Yakın plandan baktığımızda bu, Haydar el-İbadi için bir zafer gibi
görünüyor. İbadi, ABD’nin 2018 seçimlerini kazanmasını istediği kişi; zira
Washington, bir Irak milliyetçisi olan İbadi’nin “bizim adamımız” olduğuna
ve bir grup Amerikan askerî birliğinin [Z.T.K. IŞİD’le savaşın
ardından] Irak’ta kalmasına izin vereceğine inanıyor.
Ancak daha uzaktan baktığımızda bu aslında İran’ın yeni bir başarısı.
İran, bölgedeki herkese –ABD’nin değil– kendisinin vazgeçilmez bir müttefik
olduğunu gösteriyor. Irak ve Suriye boyunca uzanan koridorlarını güvence altına
alıyor, sahadaki farklı gruplar arasında arabuluculuk yapıyor, bu arada ABD’nin
alanı giderek daralıyor. Bir kez daha İran kilit bir rol oynuyor, KYB ile Irak
hükümeti arasında bir anlaşmaya varılmasına yardımcı oluyor ve Iraklıları
destekleyen Şii milislere kılavuzluk ediyor. İran’ın bu milislerin varlığını
sürdürmesinden çıkarları çok; bu da herhangi bir Irak başbakanının [Z.T.K.

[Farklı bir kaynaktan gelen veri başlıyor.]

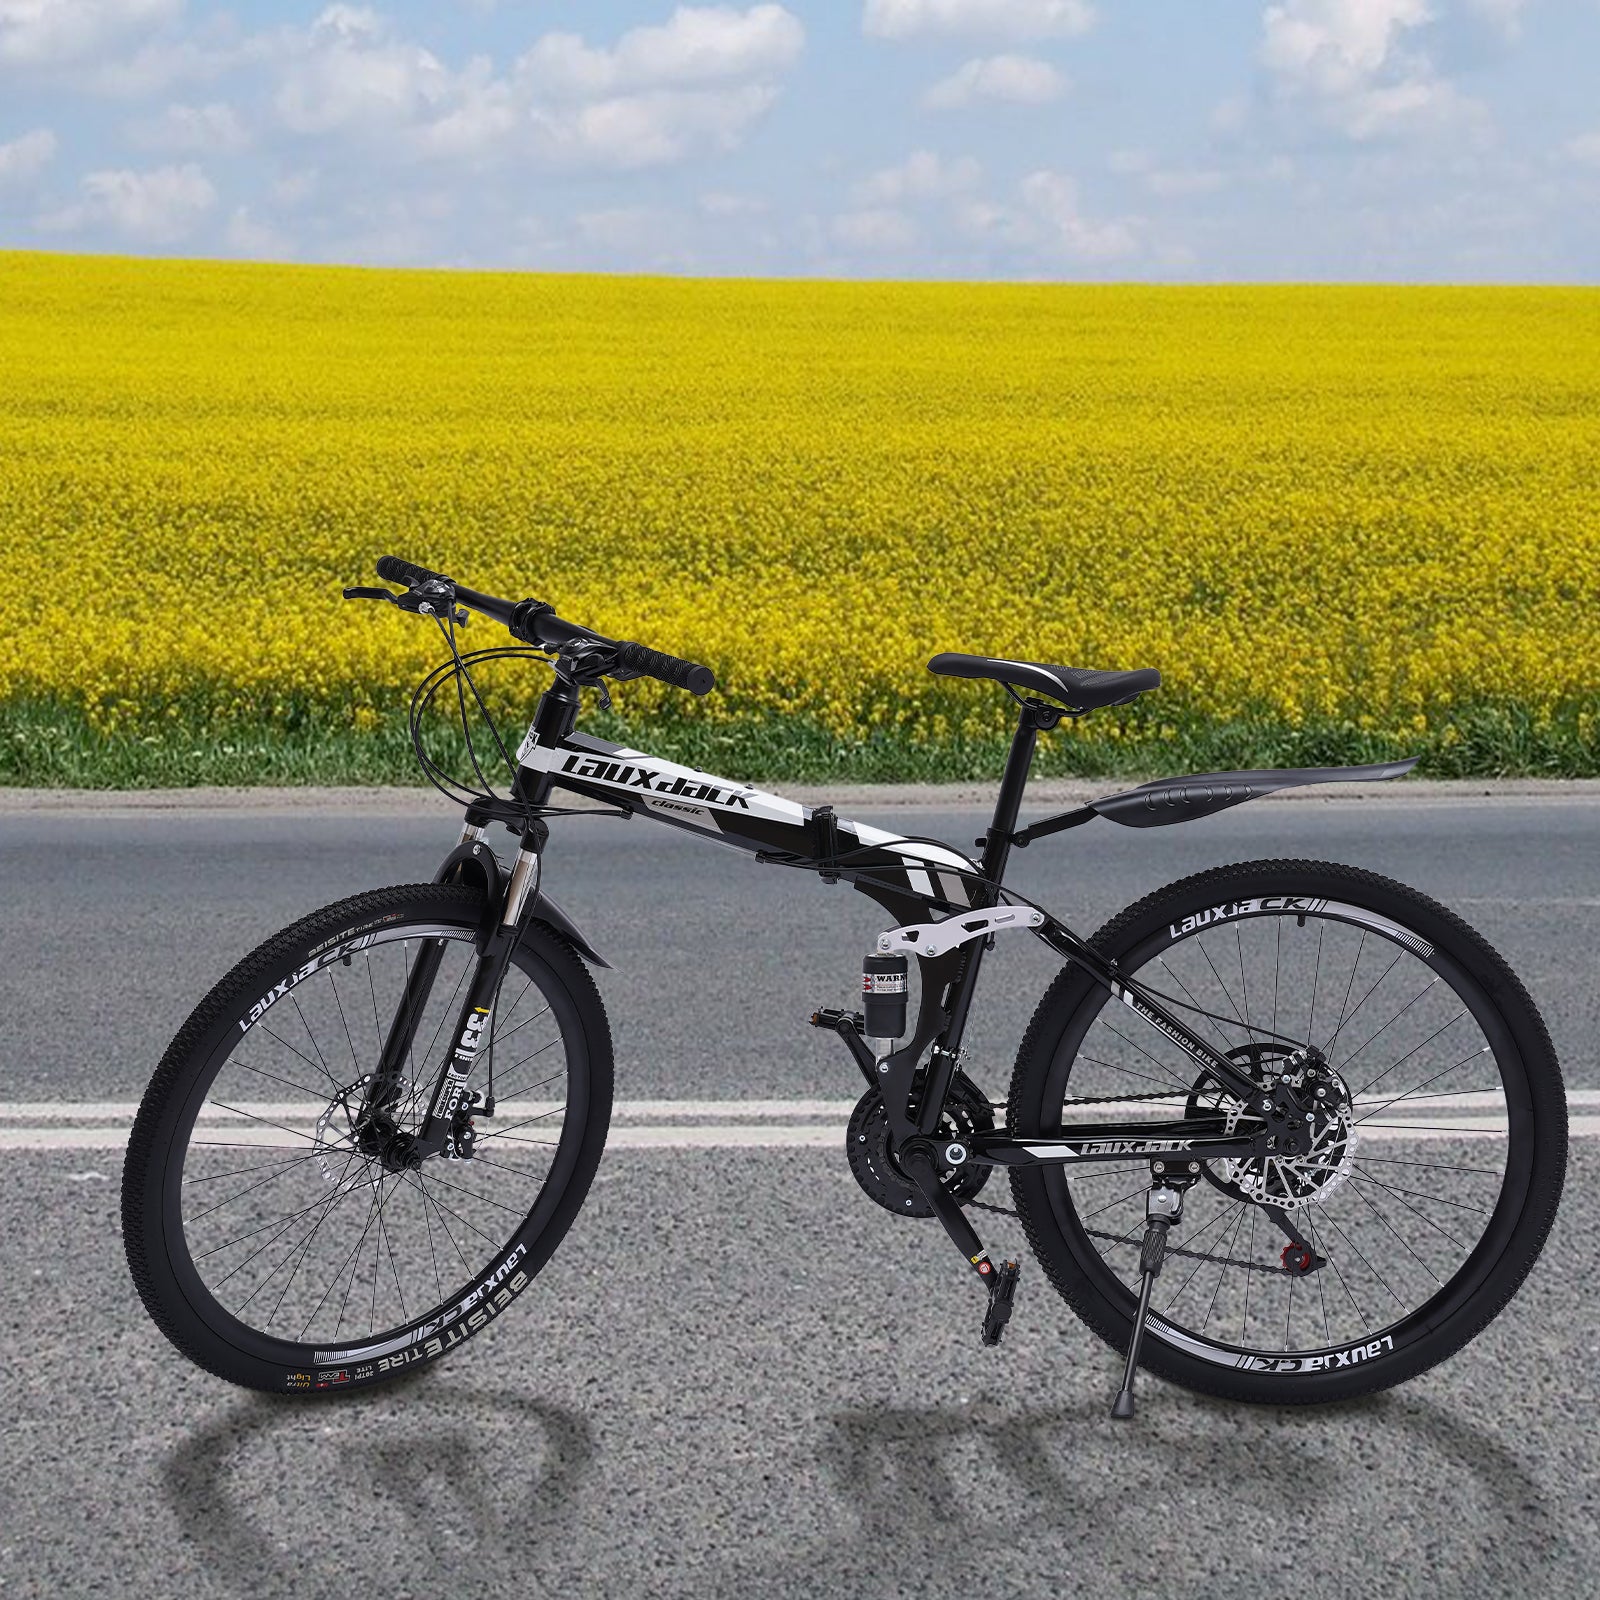 Mountain Bike Bicicletta Pieghevole da 26 pollici, 21 velocità, MTB pieghevole, per sport all'aria aperta, con freni a doppio disco

kuruluş amaçları olan IŞİD’le mücadele bittikten sonra] bu milislerin
seferberlik halini sonlandırıp dağıtmasını giderek zorlaştırıyor. Bu arada
ABD’nin müttefiki olan Türkiye de İran ve Rusya eksenine kayıyor.
Kürdistan için bir çeşit konfederasyon ve Kerkük için özel statü üzerinde
taraflar bir uzlaşmaya varılabilir. Ama bu da arabuluculuğu gerektiriyor. Ve
bunun Amerikalılardan gelmesi pek de mümkün görünmüyor.
Peki, bu niçin bir mesele olsun ki? Çünkü İran’ın çözümü [daha evvel
olduğu gibi] bölgeye istikrar getirmeyecek. Tahran, Amerikan çıkarlarını ve
müttefiklerini hezimete uğratmak için daha uzun bir süre sebat edip direnecek.
Ancak başıboş bırakılan İran ve müttefikleri önünde sonunda İsrail’le kafa
kafaya gelip çarpışacak. İşte o zaman ABD harekete geçmek zorunda kalacak.